Two shapes of failure
(value, err) tuple : On success: value holds result, err is nil. On failure: value is nil, err is a string. Used for recoverable failures — conditions scripts inspect and react to.
Raised error : Calls error(...), propagates until caught by pcall/xpcall. Used for programming errors — script bugs, not runtime conditions.
Per-function shape is documented on its module reference page. A function consistently uses one shape or the other, never both.
When each applies
Tuple return — failure the caller might reasonably recover from: I/O failures (std:fs.read_to_string on missing file), parse failures (vnd:serde_json.from_str on malformed input), network failures (vnd:hyper.get on unreachable host).
Raise — script misused the surface: wrong argument type, method on closed handle, non-Sendable in shared table. These are bugs; suppressing them masks the bug.
Error message format
Every error begins with a qualified prefix: "module.function:" (no namespace prefix).
fs.read_to_string: No such file or directory (os error 2)
serde_json.from_str: expected value at line 1 column 1
hyper.get: connection refused
thread.spawn: shared.k is 'JsonNull', which is not Sendable.
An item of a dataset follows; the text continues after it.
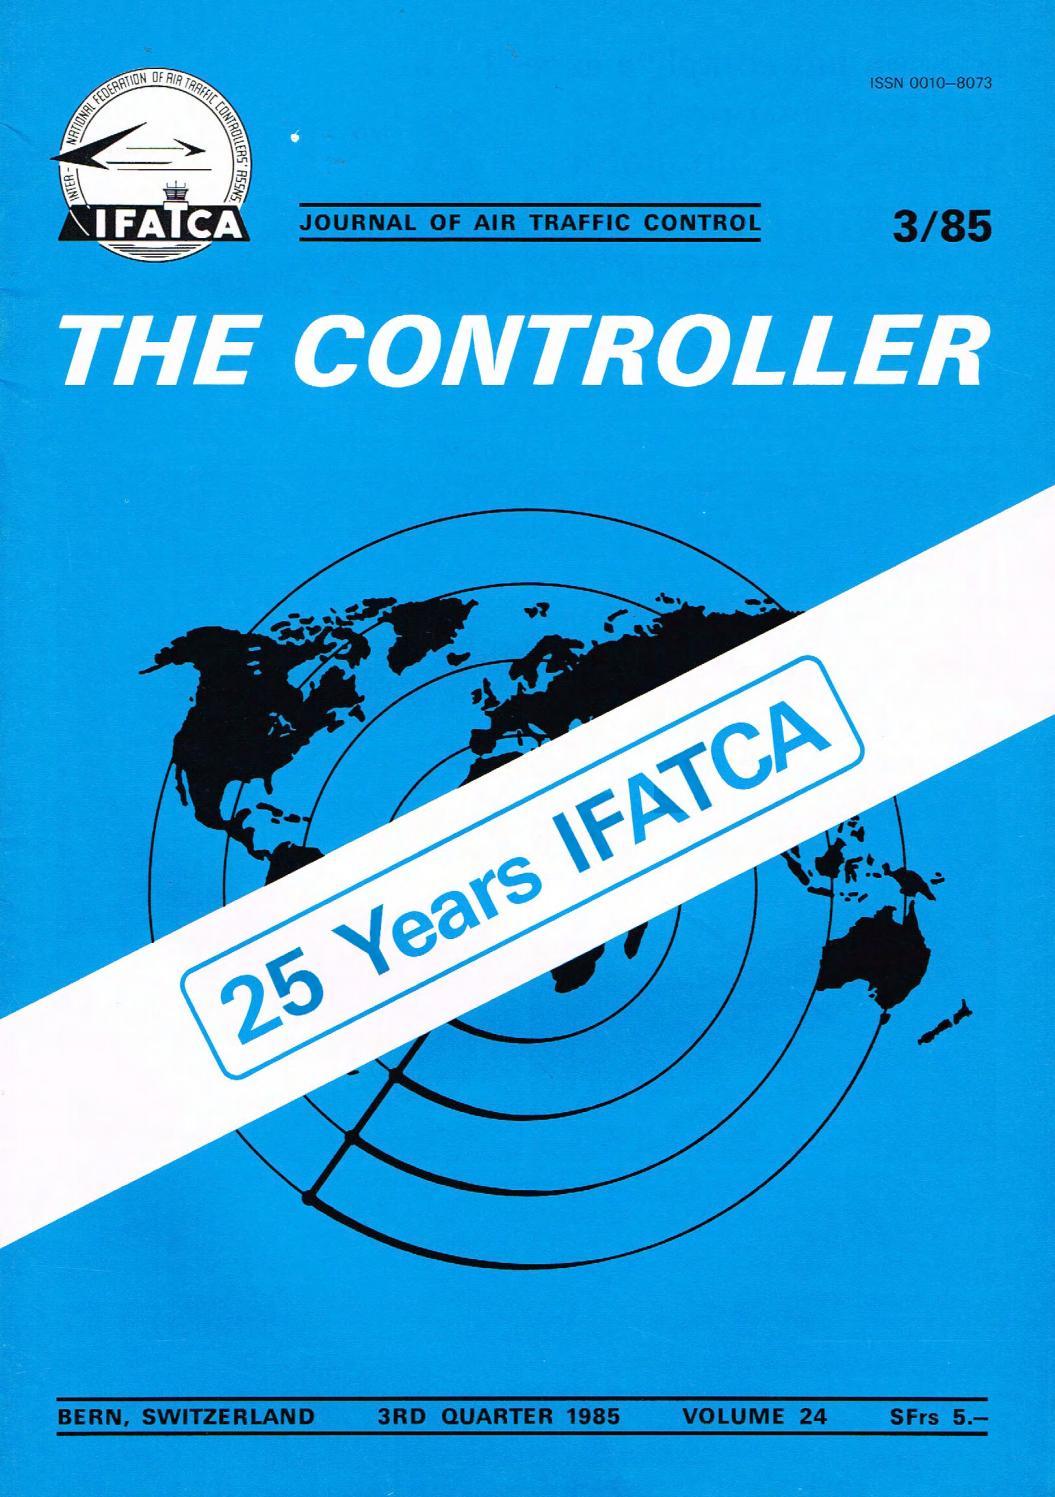 IFATCA The Controller - 3rd Quarter 1985 by IFATCA - issuu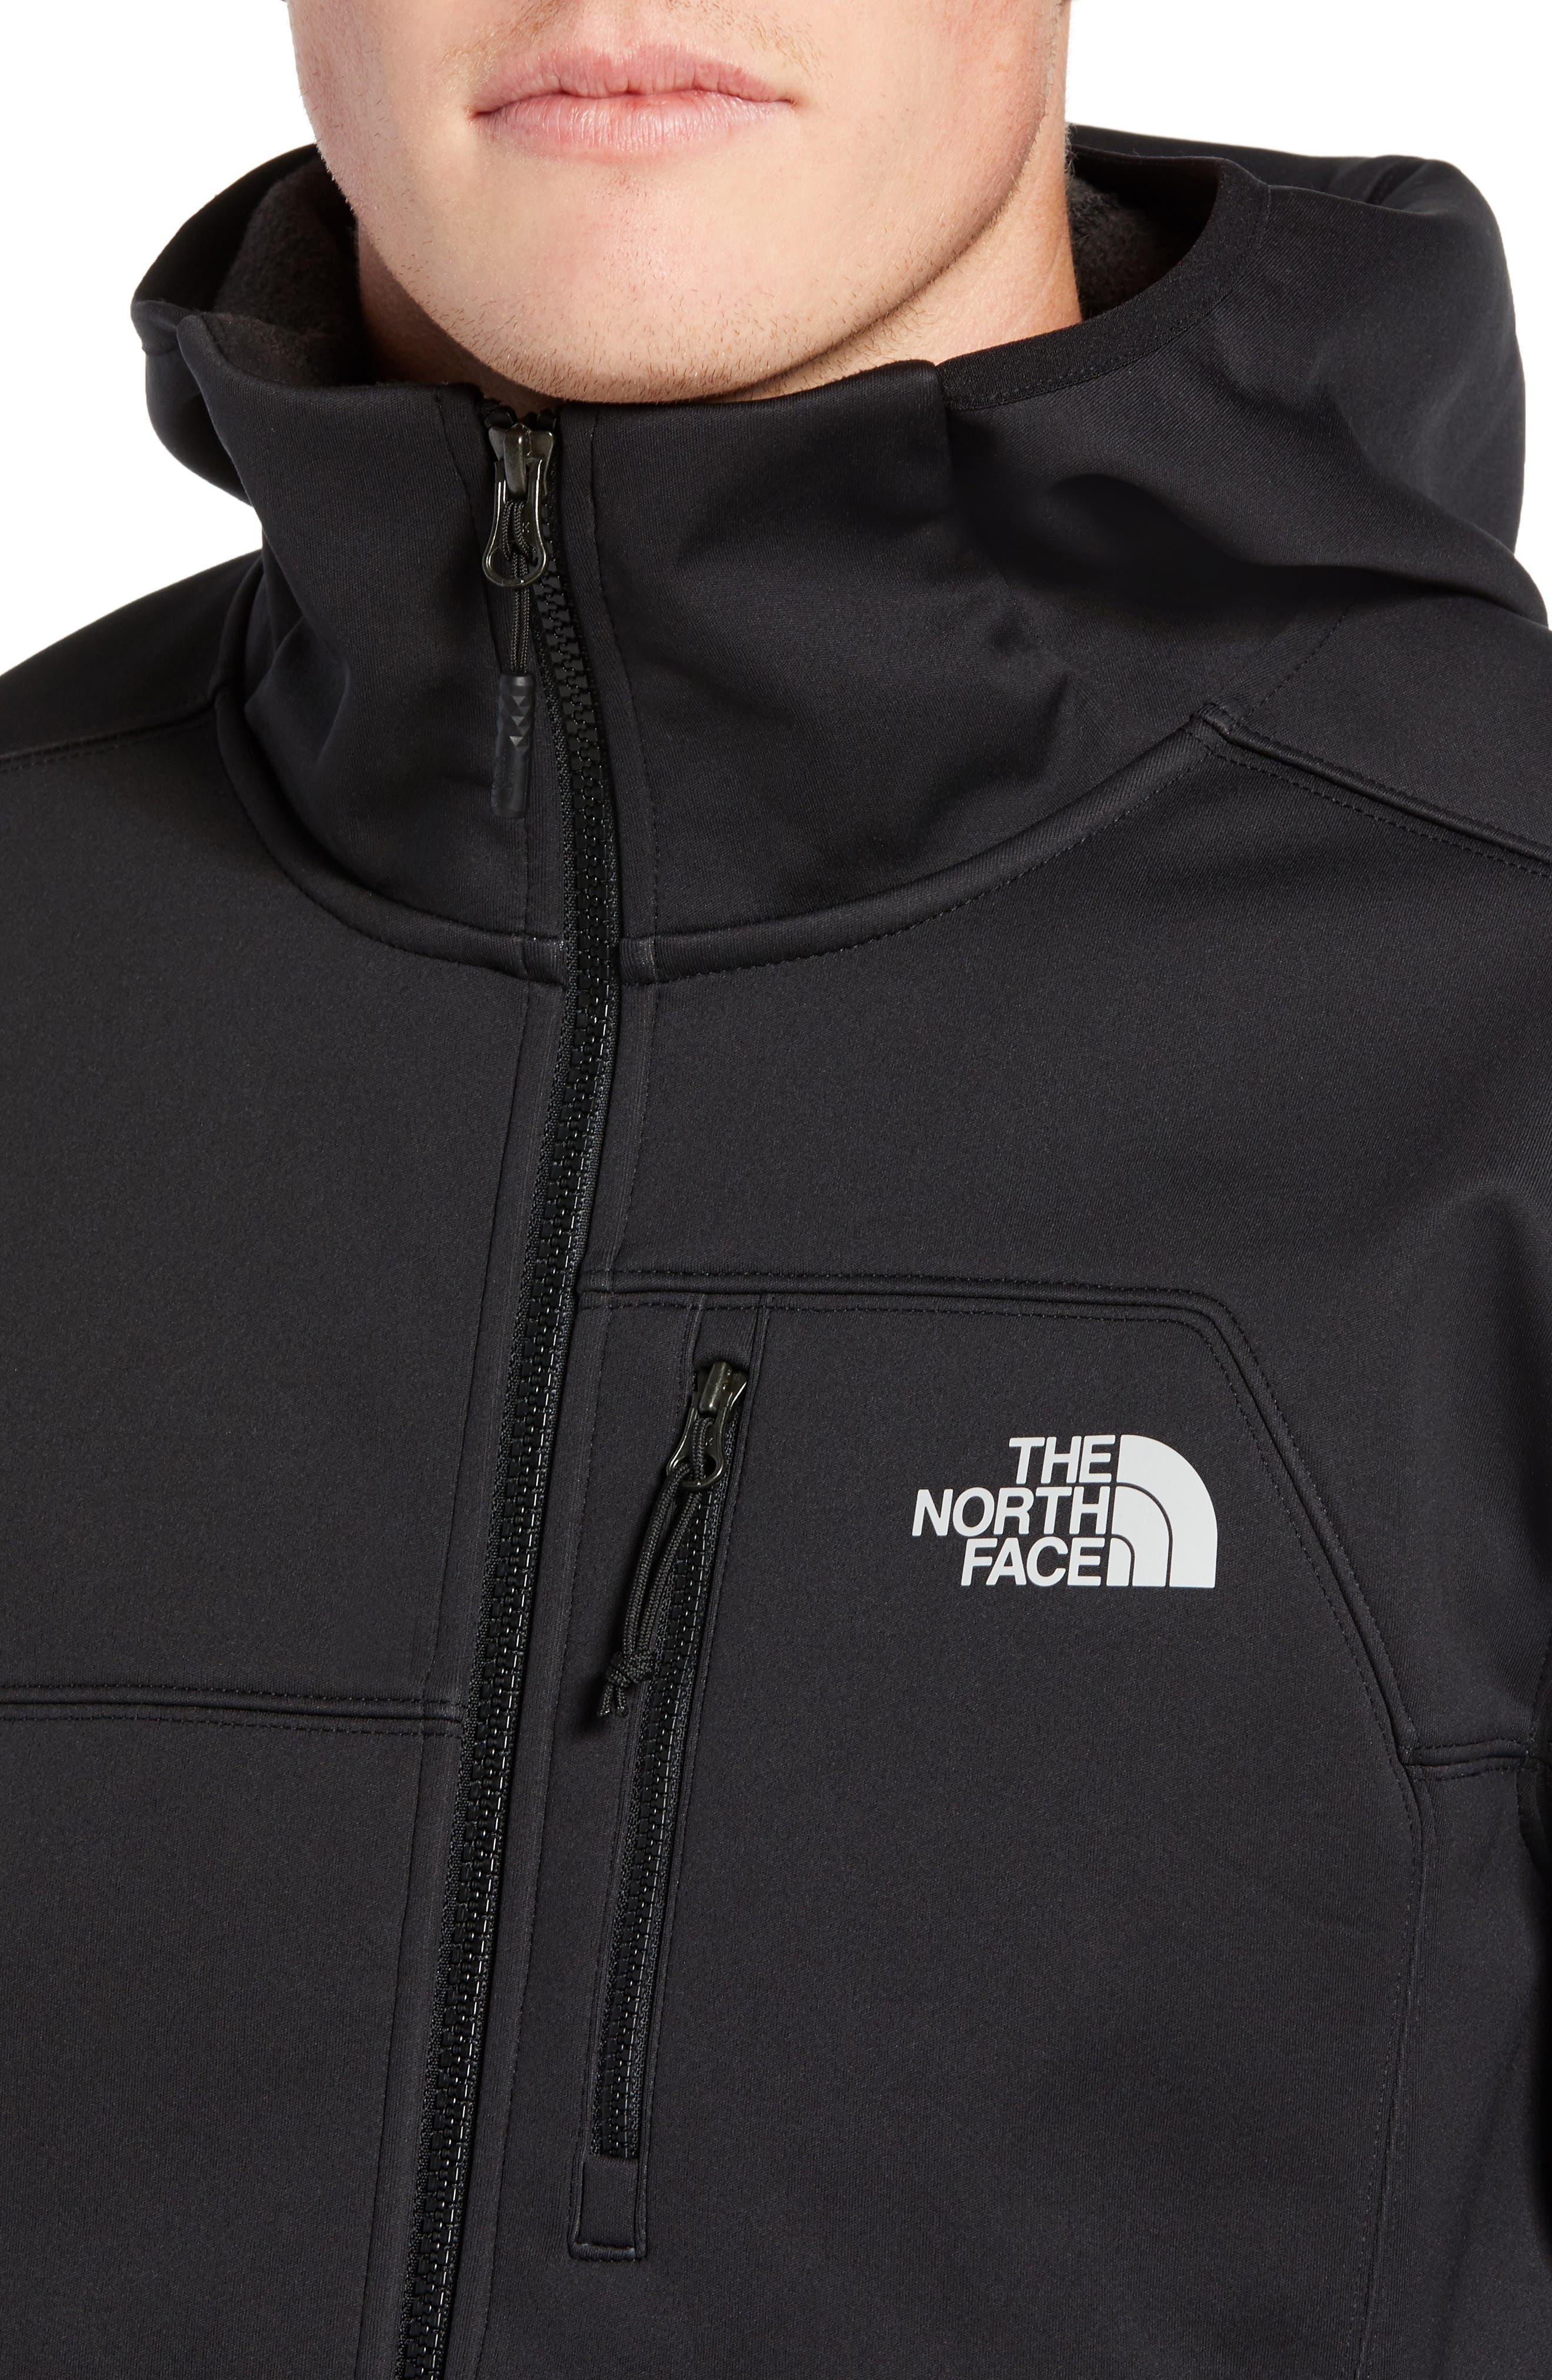 THE NORTH FACE,                             North Face Apex Risor Hooded Jacket,                             Alternate thumbnail 5, color,                             TNF BLACK/ TNF BLACK

Use args for by-value transfer, or use a Sendable type (Map, Counter, TcpListener).Consistent across every module. Prefix is matchable programmatically.
Handling failures
Tuple return
local fs = require("std:fs")
local body, err = fs.read_to_string("config.json")
if err then
return
end
-- use `body`Same pattern everywhere. No status codes, no exception objects, no wrapper types.
Raised error
local thread = require("std:thread")
local json = require("lib:json")
local ok, err = pcall(function()
thread.spawn({ source = "return 1", shared = { v = json.null } })
end)
if not ok then
-- err contains qualified message
endUse pcall when genuine recovery from a programming error is needed — test runners, top-level supervisors.
Suggestions and enrichment
When an error involves a name lookup (module, method, field), the runtime provides "did you mean" suggestions using Levenshtein edit distance with threshold max(1, name.len() / 3).
Structure:
module.function: what went wrong[ — did you mean "X"?][ available: a, b, c]Rules:
- Suggestions appear only when edit distance is within threshold — never garbage matches.
- Suggestions never echo the user's original input.
- Available options are enumerated when the candidate set has ≤ 10 items.
- Type mismatch errors list accepted types:
"expected SQL string, got table — accepted: string".
All suggestion computation lives in the error path. Zero cost on the happy path.
CLI diagnostics
Errors that surface through the CLI (not through Lua (nil, string) tuples) are rendered with source context, error codes, and help text using miette. Each error code links to a docs page.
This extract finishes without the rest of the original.